When does Christmas start in your household? At what point is it socially acceptable to put up your tree and start playing Mariah Carey’s ‘All I Want for Christmas is You’ at full pelt?

With the regularity of a liturgical calendar, the Christmas adverts on TV arguably mark the beginning of the festive period for many of us. Nowadays, the Christmas ad is as much a part of the season as Boxing Day sales, broken toys, and left-over turkey.

Although it’s perhaps lost something of its lustre over the years, the John Lewis ad is still something of a benchmark. This year’s – ‘Unexpected Guest’ – sees our young hero befriending an alien who has crash-landed their ship in his local woods.

Overcoming his initial hesitancy, he introduces the visitor to the delights of the season: wearing novelty jumpers, eating mince pies, throwing snowballs, watching schmaltzy films. And all to a stripped-back cover of the 1984 classic, ‘Together in Electric Dreams’, the tale of friendship reaching a climax with the lyric ‘love never ends’.

The ad’s tagline – ‘For a Christmas as magical as your first’ – interprets their story for us, inviting us to reach back to something more basic, more lasting, more secure.

Where might that be found?

In part, it’s found in that which the ad itself captures – in befriending strangers and sharing traditions. Treating people as unexpected guests rather than unwelcome intrusions makes sense for those who are themselves part of the story in which God loves, Jesus serves, and the Spirit ministers – in self-giving tenderness towards us. Sentiment aside, how might we demonstrate over the festive season, and beyond, a generosity of heart and home?

But in a storyline which raises the possibility of an ‘unexpected guest’ coming to earth, and with a tagline which invites us to rediscover the magic of our ‘first’ Christmas, we might be encouraged to think of the very first Christmas of all.

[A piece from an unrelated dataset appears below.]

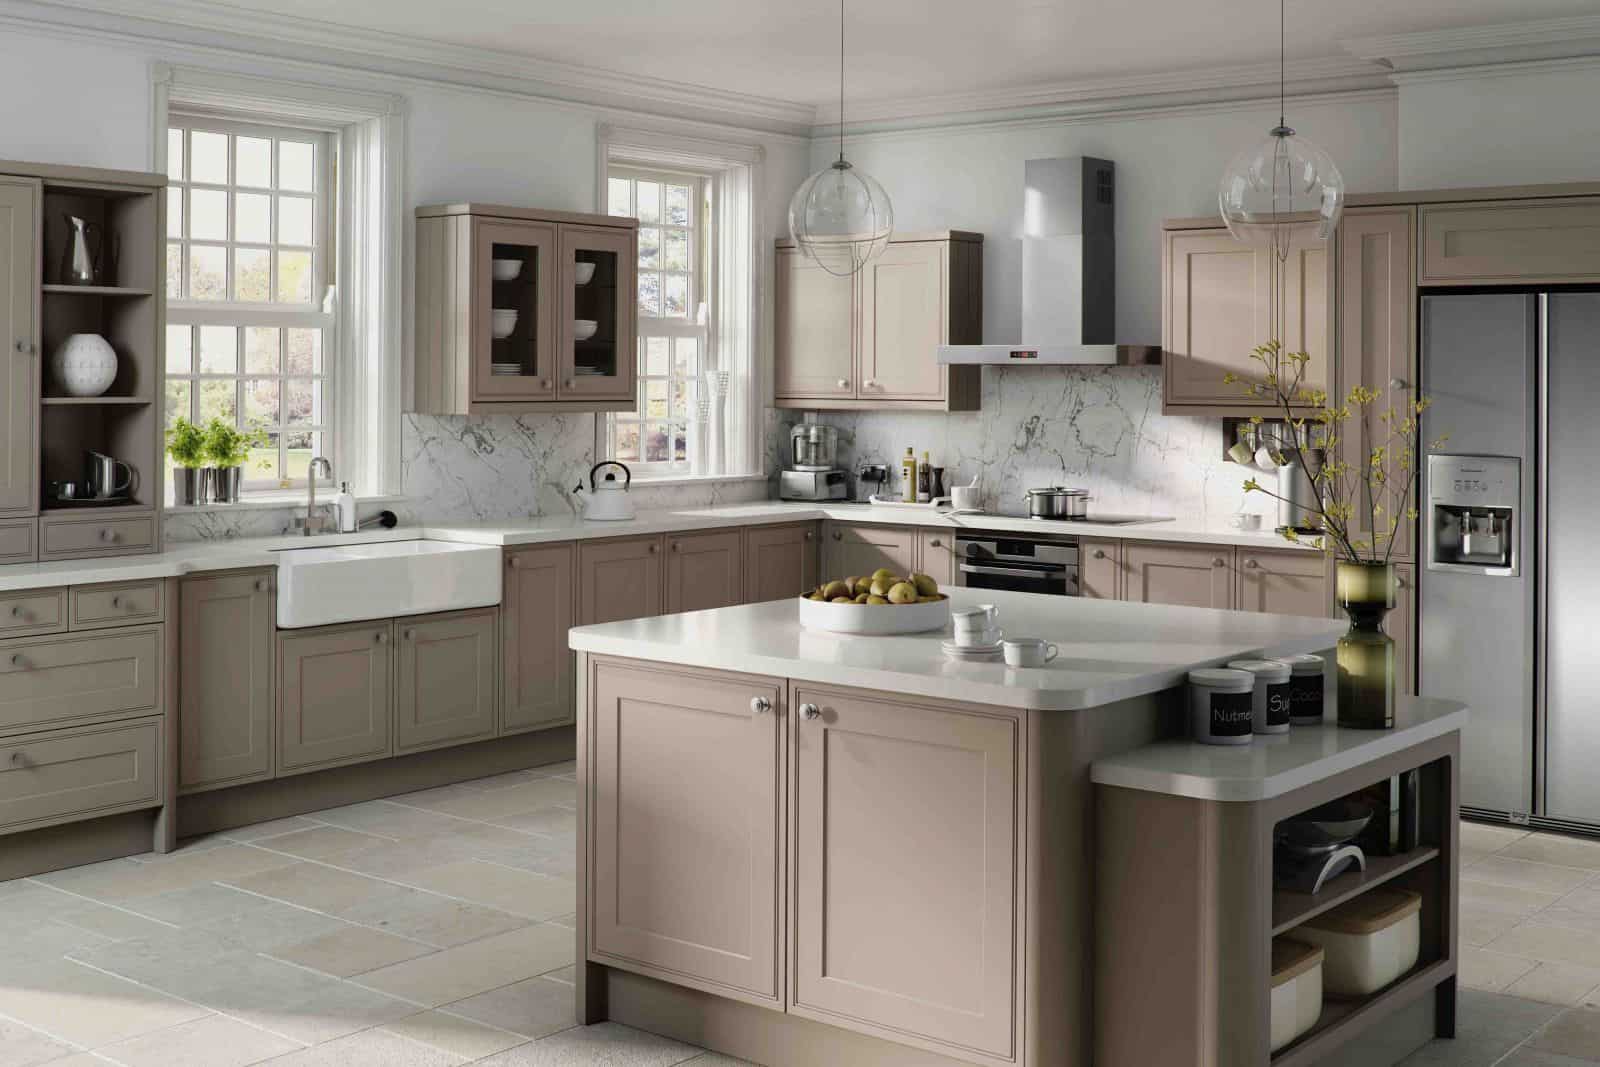 Top Taupe Paints For Your Kitchen Cabinets, What Color Paint Goes With Taupe Kitchen Cabinets

Whatever we make of Christmas TV ads, the longings they reflect about relationship, togetherness, and harmony come together in the one who is truly able to offer them. It’s not that the sentiments are wrong. It’s that the solution to our sense of lack is located in the wrong place. The ads lay out a need we have that can be met only in the one who came that first Christmas to set in motion a divine rescue plan – Immanuel, God with us.


Antony Billington
Theology Advisor, LICC


Image: John Lewis 2021 Advertisement 


  1. Thanks Antony, great thought. I guess my response, having seen the ad, would be just a little different. You could say its story of the little boy befriending the alien, and the ‘message’, very powerfully & imaginatively captures something of the FEELING of the love & tenderness of God – as you indeed allude to. The Christian challenge is, as CS Lewis for instance recognised (and to a high degree met) in his portrayal of Narnia & Aslan, to be similarly imaginative in the contemporary ways we point to Immanuel. A challenge that in my own poetry & story work I’m engaged with & passionate about…

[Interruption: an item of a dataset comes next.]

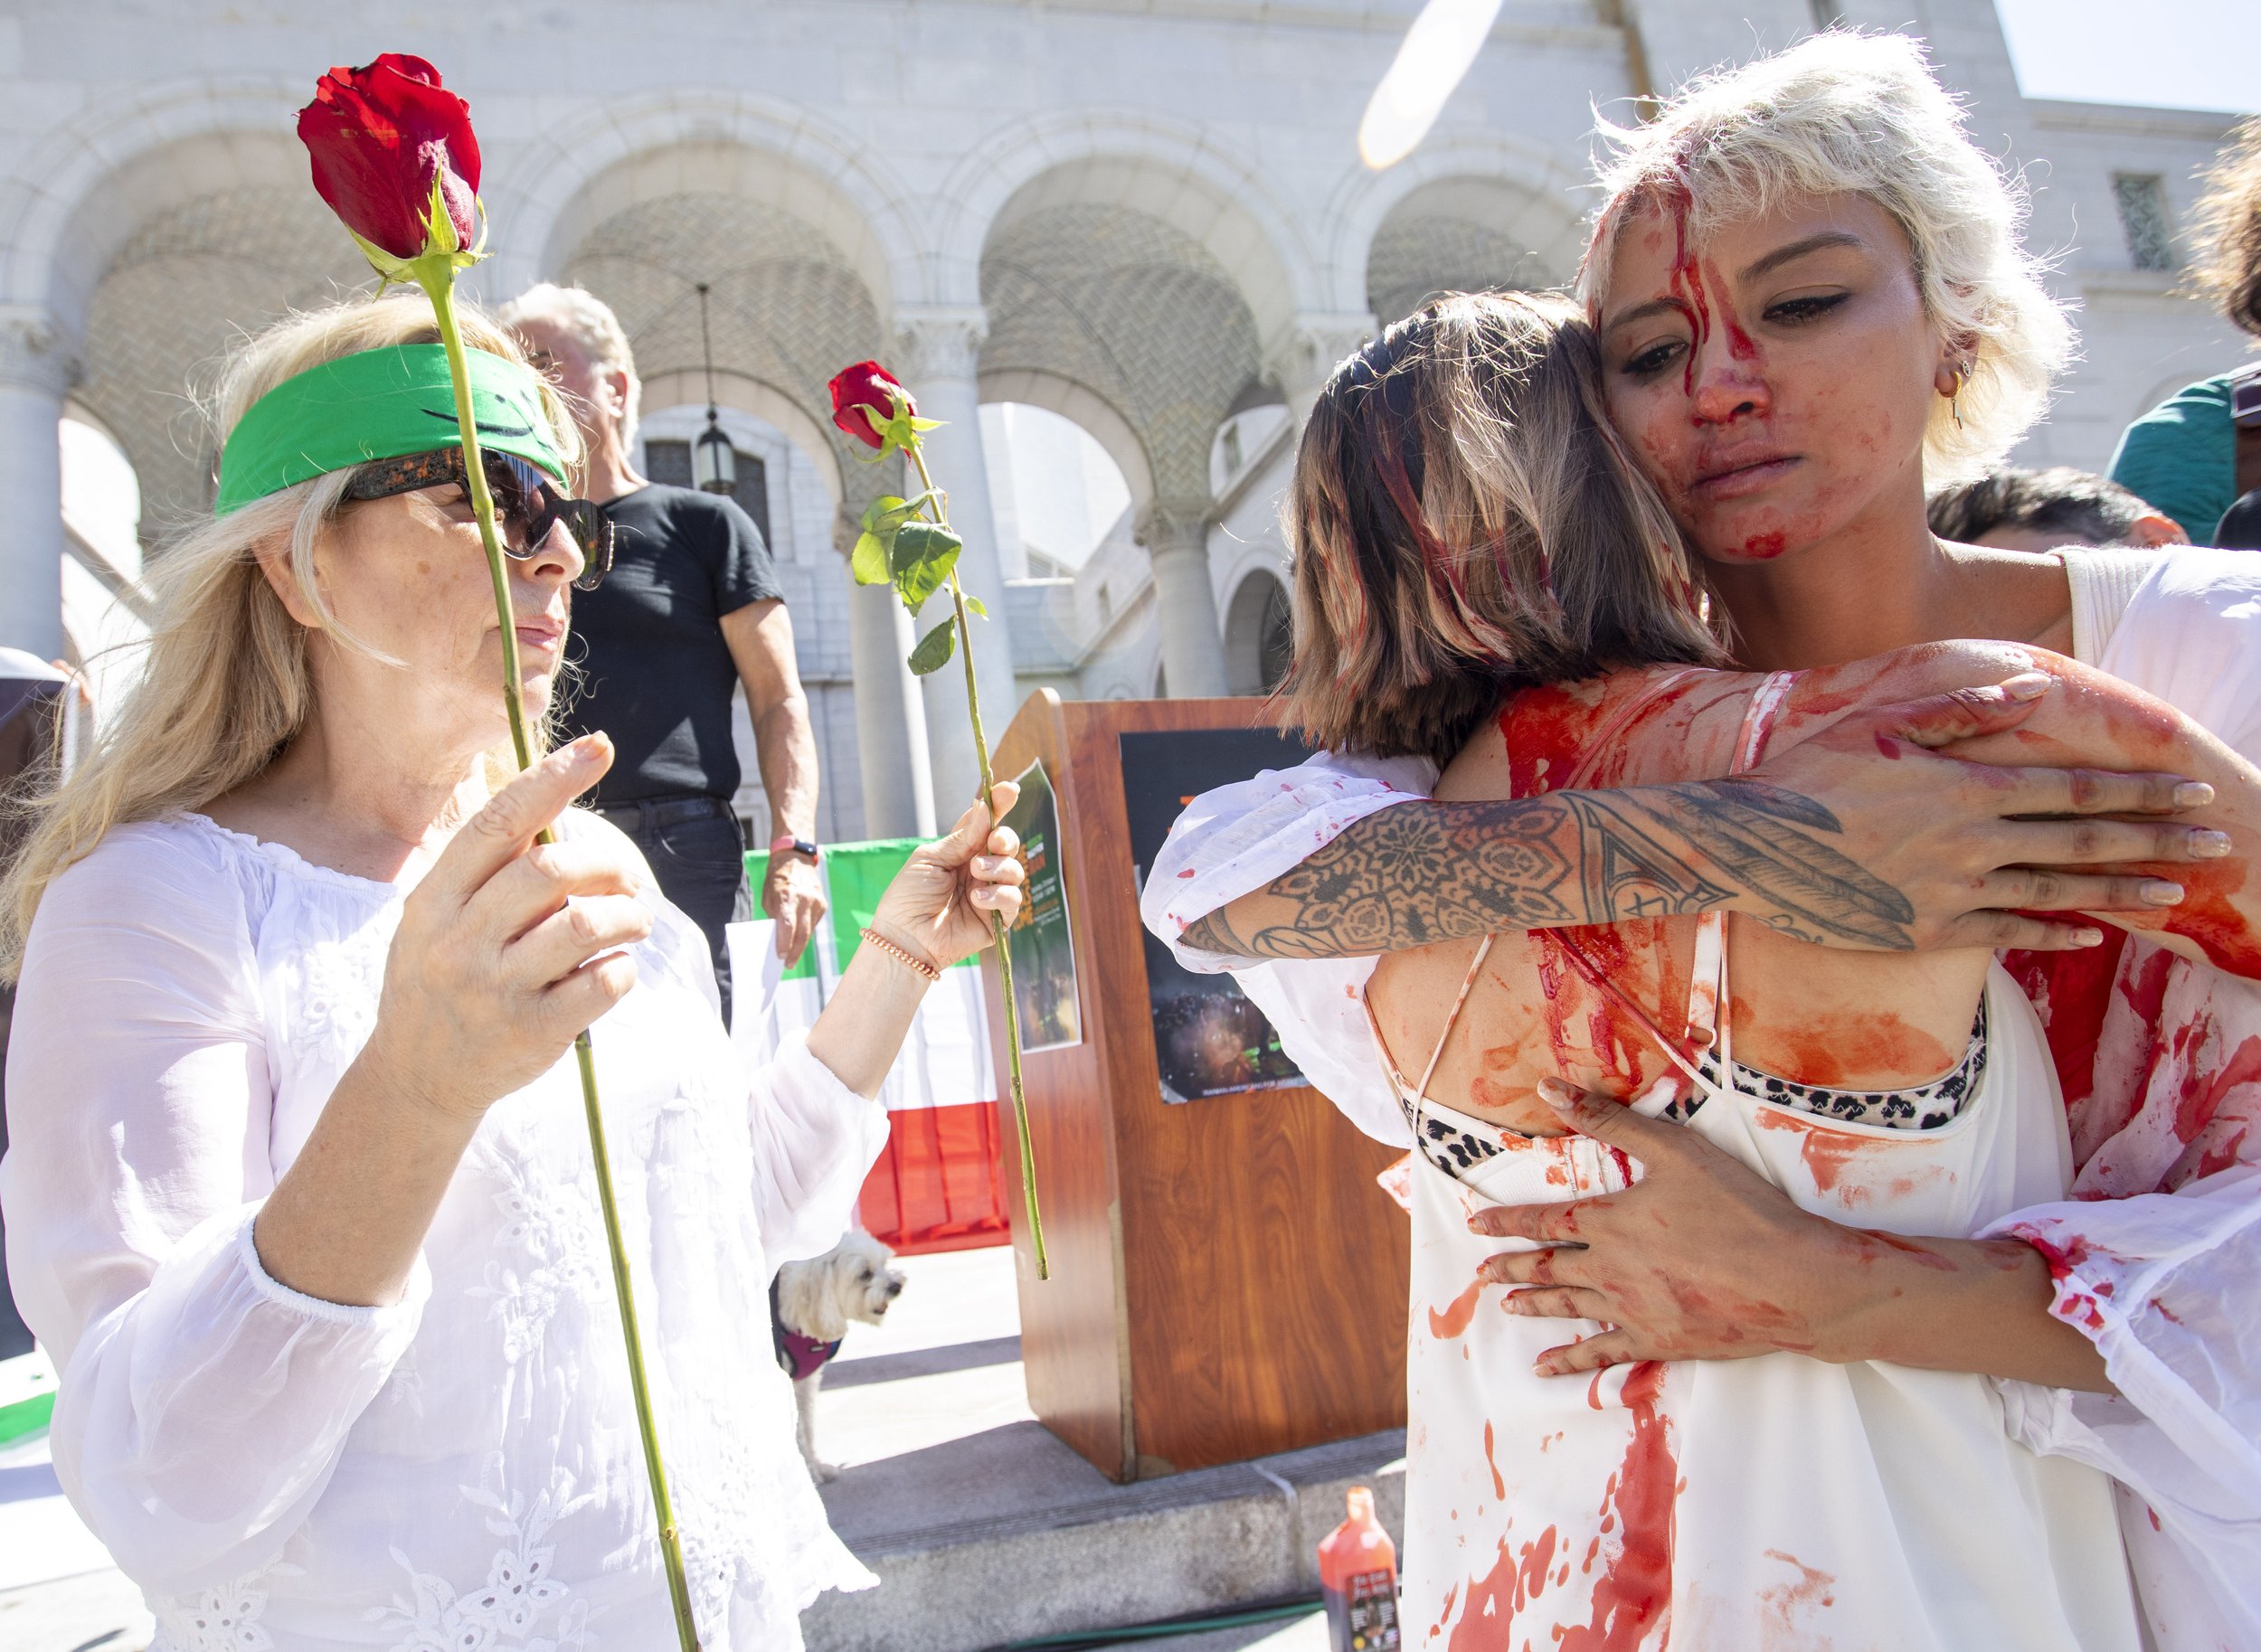  Artist Samantha Rose Moshiri  (right) hugs Yadriga Krasovskaya, as Nina Moyaer holds roses.  They are covered in fake blood from a performance in solidarity with Maha Amini outside City Hall  at a Freedom Rally for Iran in  Downtown Los Angeles, par

    By Bruce Gulland  -  10 Dec 2021
  2. Delightful reading of and response to the John Lewis ad, thanks as ever to Anthony Billington.

    By Luke Walton  -  10 Dec 2021
  3. Thanks Bruce. Grateful, as always, for your reflections. Plus, probably no surprise that I agree with you. I’m aware this year’s John Lewis ad had its haters, but I liked it, and there were several directions in which I could have taken it. As always, I felt the constraints of the the 400-word limit! All joy to you – Antony

    By Antony Billington  -  10 Dec 2021
  4. Thanks so much for this, Anthony. I was particularly “nailed” by your phrase, “Treating people as unexpected guests rather than unwelcome intrusions”. Provoked me to think of – and be similarly “nailed” by – such parallel phrases as, “Receiving requests for help as opportunities to serve rather than nuisance disruptions to my plans”!